We know the Chancellor is no fan of the existing PFI scheme but he has been non-committal when it comes down to deciding its fate. Pre-CSR nerves and uncertainty have not quite disappeared but the message is encouraging. It is clear that some form of public private partnership is required to deliver the infrastructure projects we need, so it is unlikely that PFI will be killed off in its entirety. It is more likely that new models or variations on PFI as we know it will emerge.
We also know that Tory MP Philip Hammond is investigating alternative models to PFI but he has been very quiet. Is he going to come up with new workable models or will it be a case of an old product re-packaged?
Meanwhile the Chancellor has acknowledged that greater private sector investment is required and he envisages increasing capital spending by around £2.3 billion a year by 2014-15 to fund capital projects of long-term high value. He also gave the green light to a long list of projects and confirmed others would be deferred or axed, including a new 1,500-place prison and seven waste projects.
This is a big opportunity for the private sector to shape the funding model. Investors can also influence the procurement of deals in terms of size, scope and risk allocation. It’s an investor’s market. Will the private sector fight for improved terms on financing - undermining one of the criticisms of existing PFI deals?
All of this has a huge knock-on effect locally. With the removal of PFI credits the impact on local authorities is enormous. It represents a major shift in how local project funding is planned and decentralises the decision-making on infrastructure, which will undoubtedly lead to a bun fight over which projects take priority.
The capital expenditure versus services conundrum will ring through town halls across the UK as planners are faced with reducing capital on one hand but making service promises on the other. This will surely put them at the mercy of private investors.

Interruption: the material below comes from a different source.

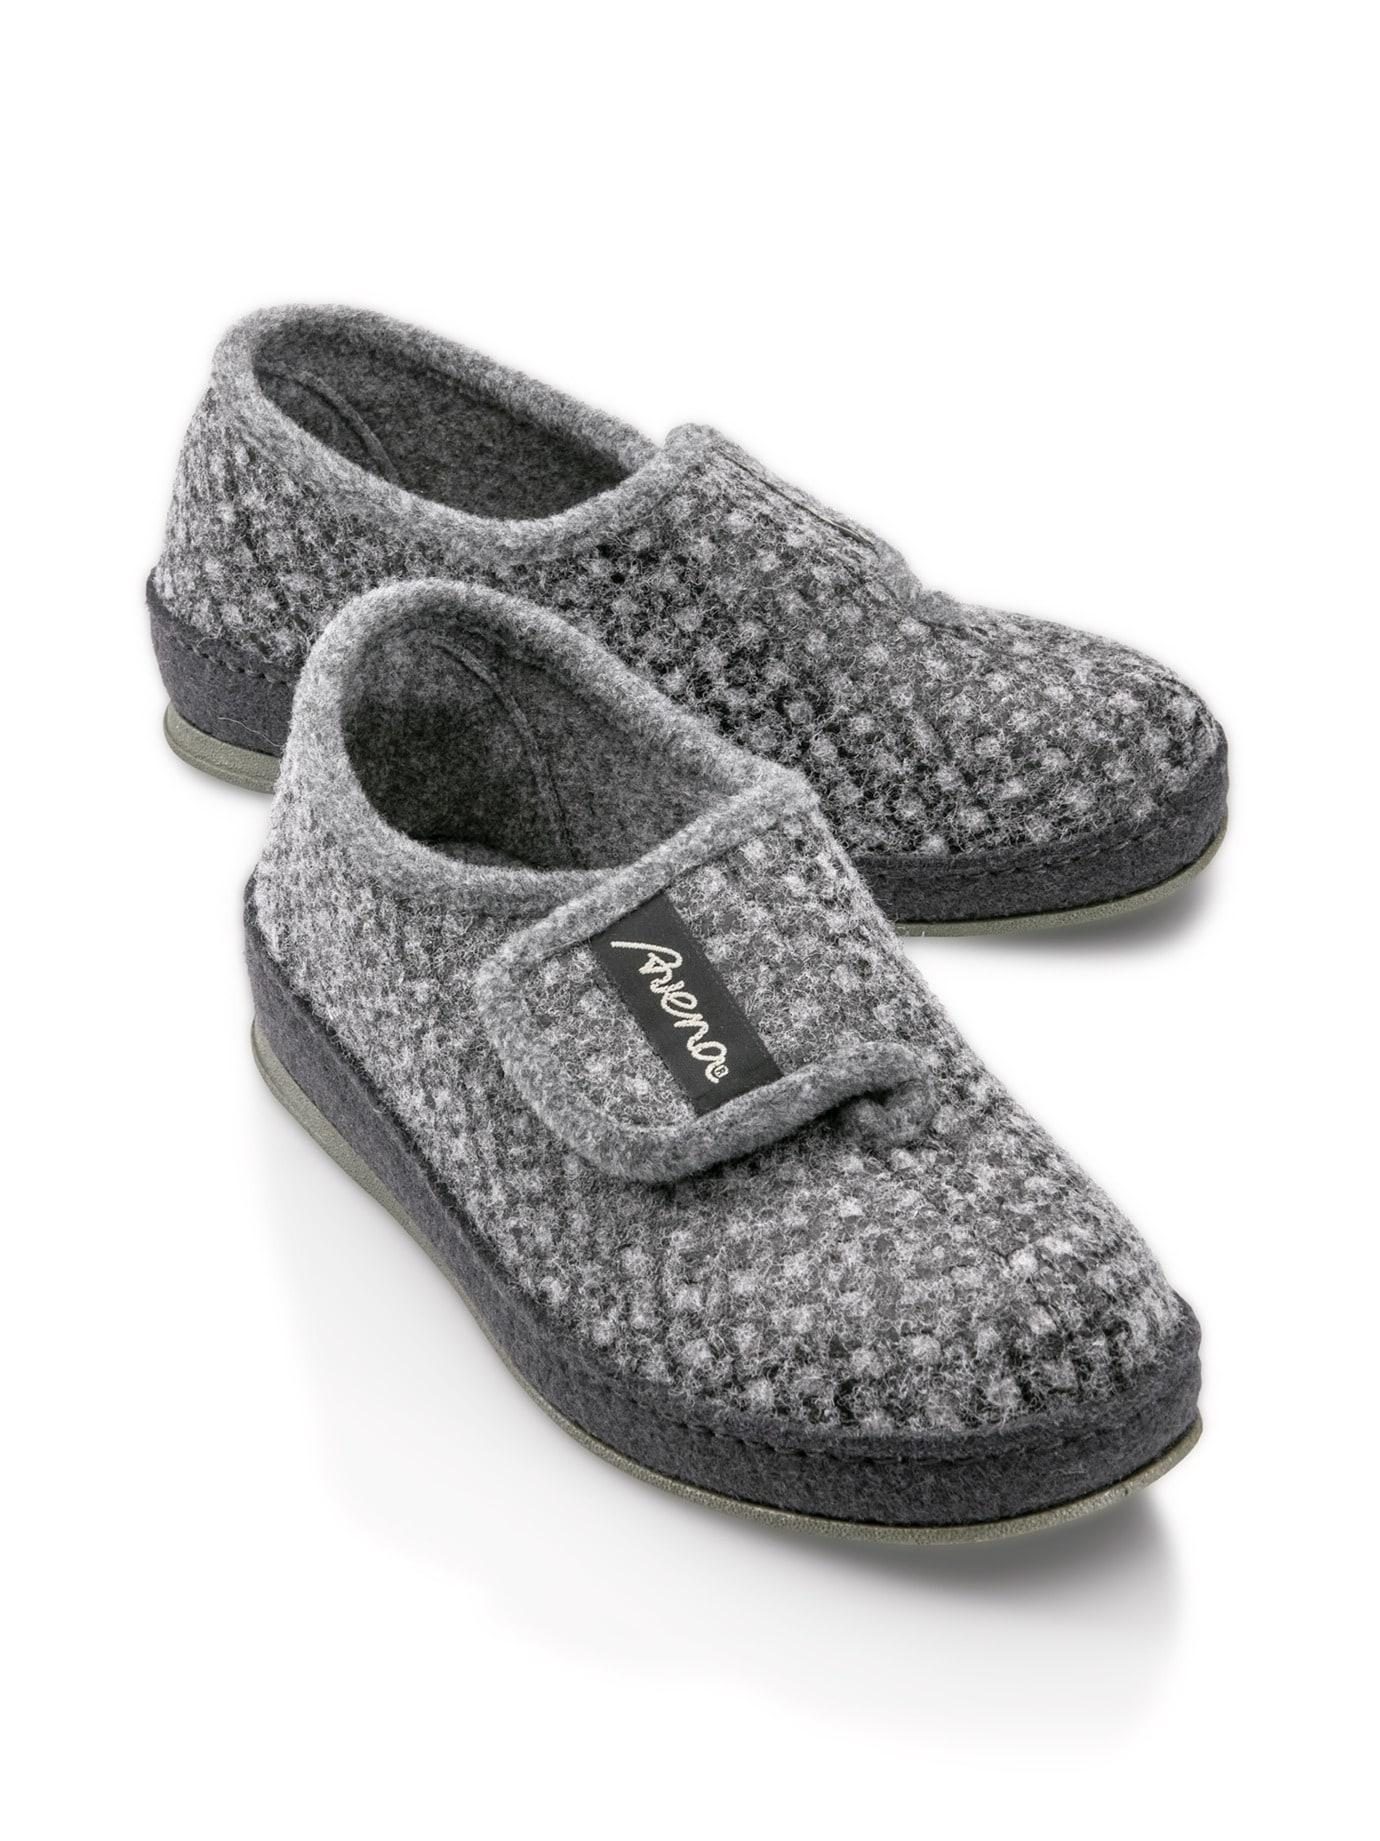 Avena Damen Soft-Stiefelette Select Lammvelours Grau v82TLAb
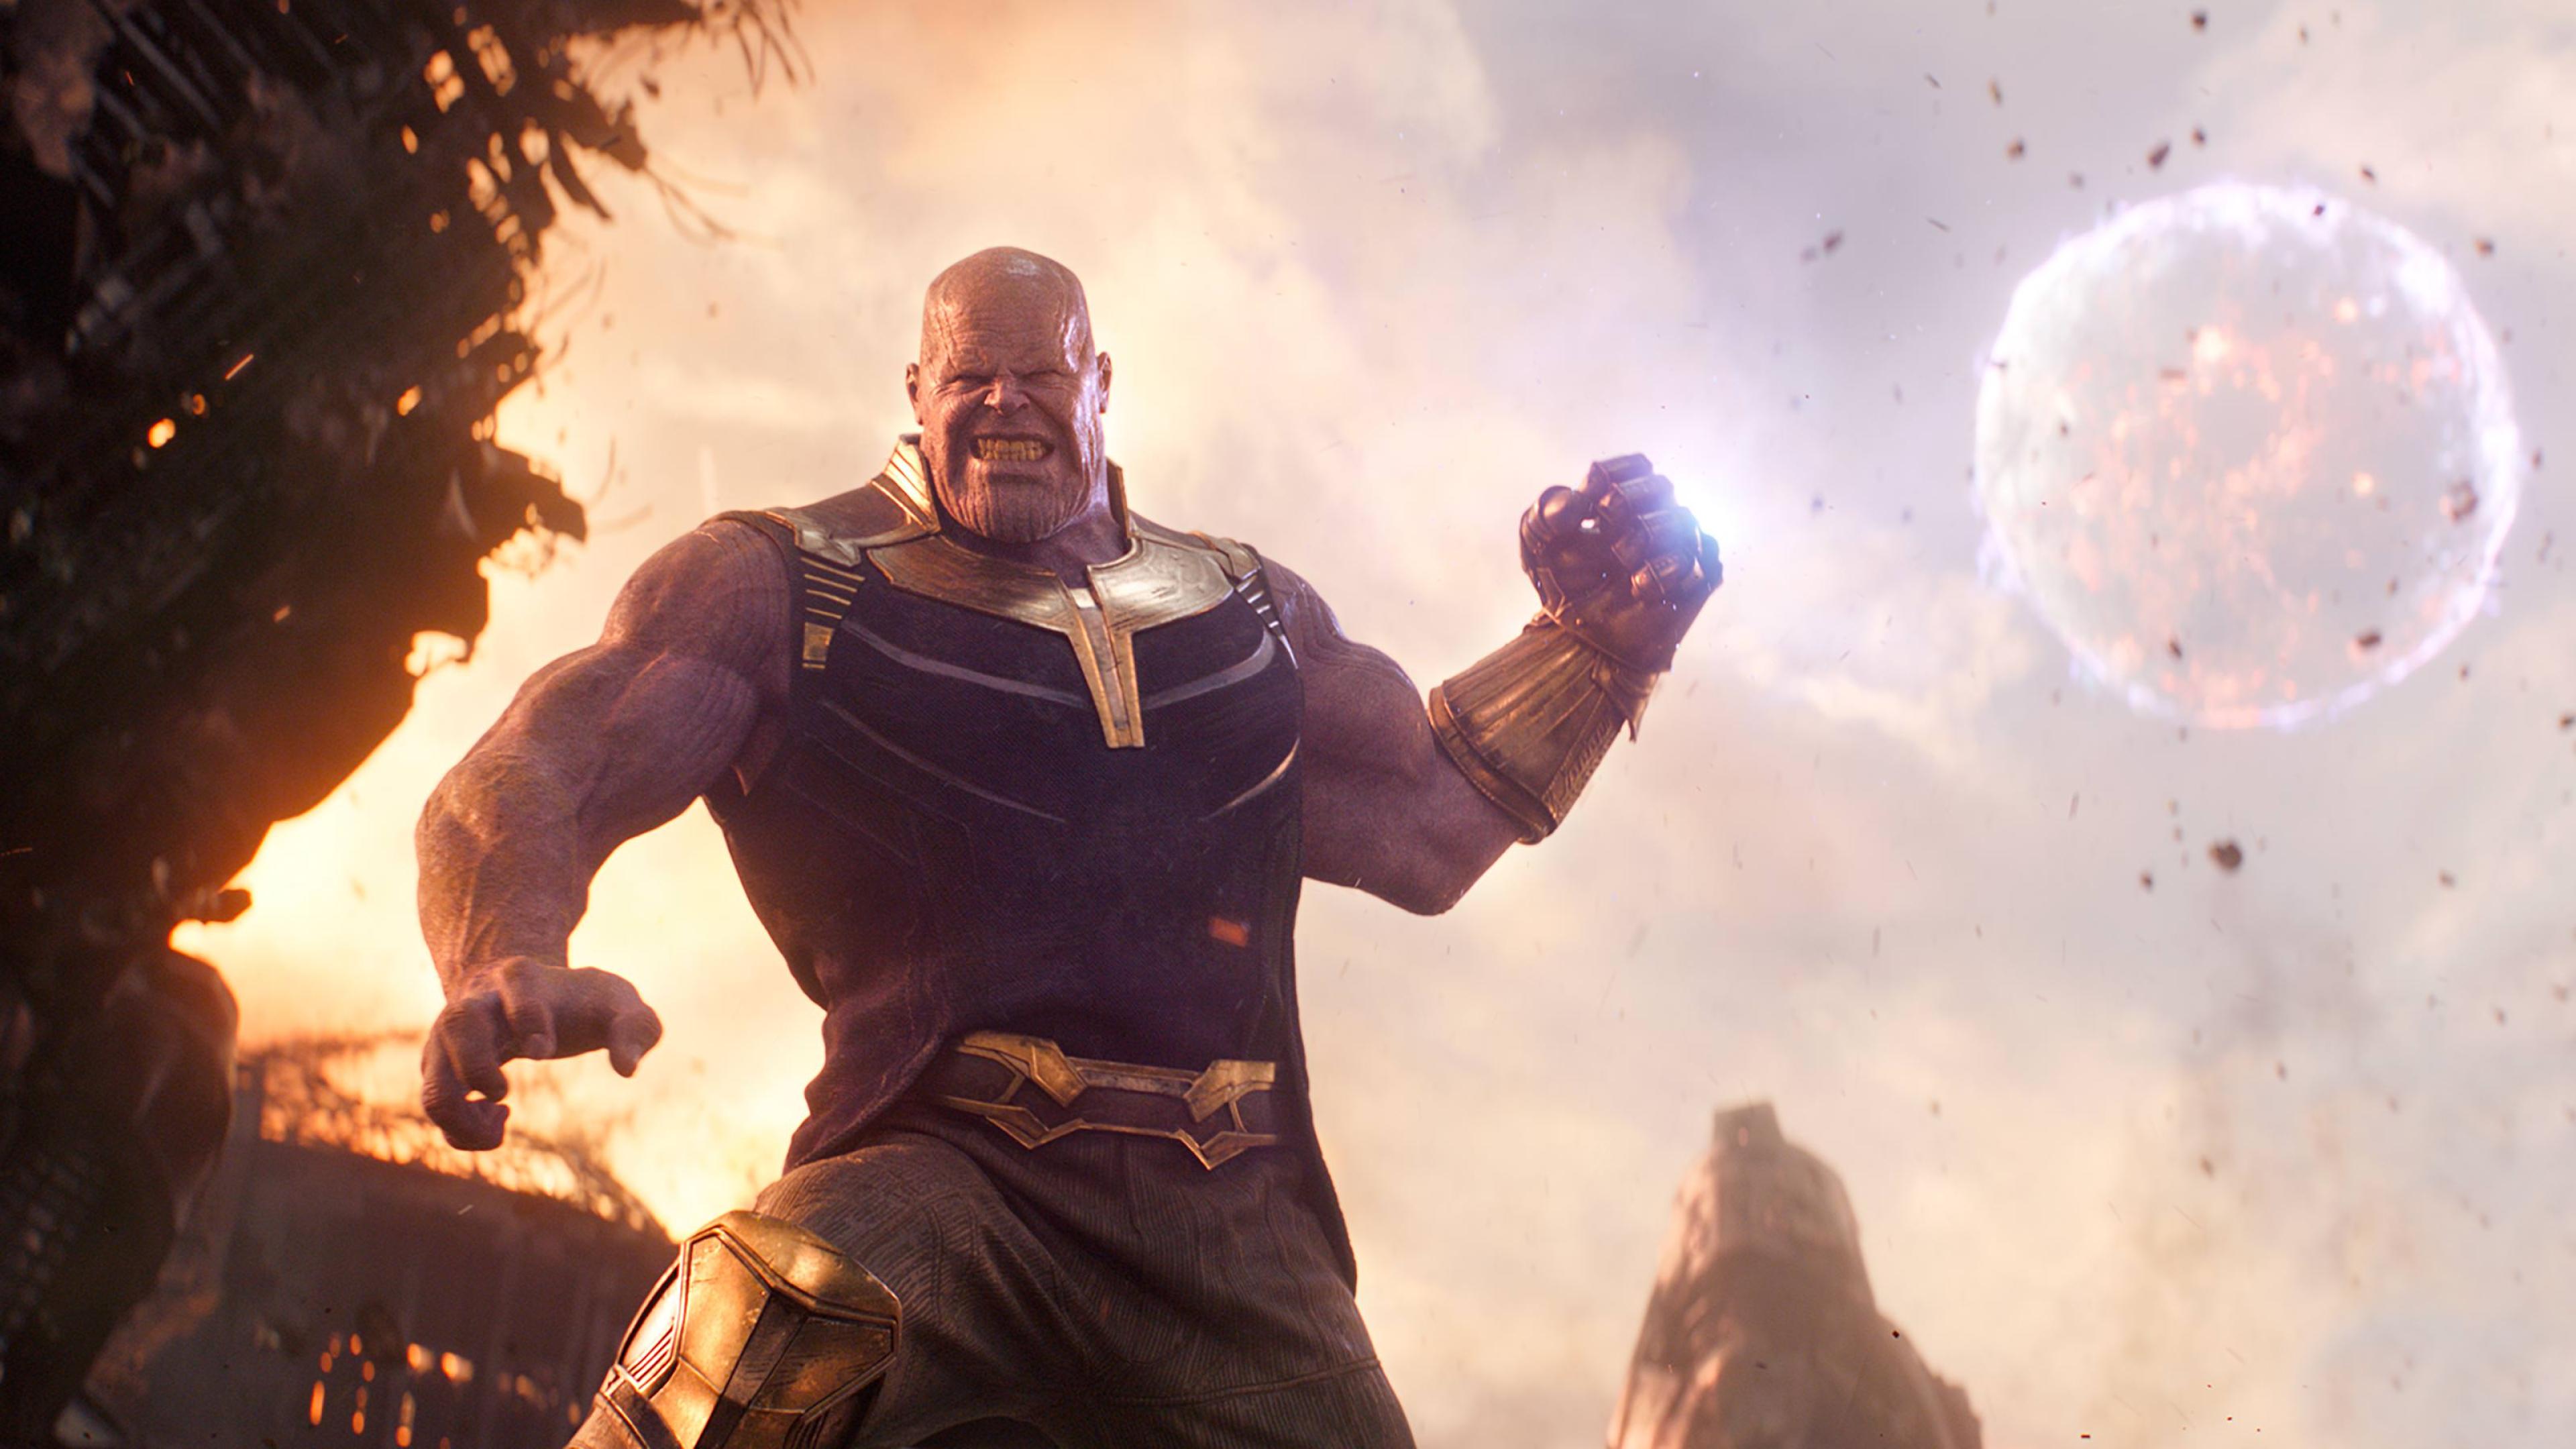 Avengers Infinity War 2018 Thanos 4k Ultra Hd Wallpaper

Their alternative is to raise funds from the sale of buildings, land and other assets which has merit but may be an expensive way forward.
While the Infrastructure Plan was in itself ambitious and optimistic, the devil is always in the detail. Private investors are hovering like angels to help underwrite essential project costs and that’s a good thing both locally and nationally. We can only hope the Chancellor sticks to his guns on commitment to infrastructure deals and is not firing blanks.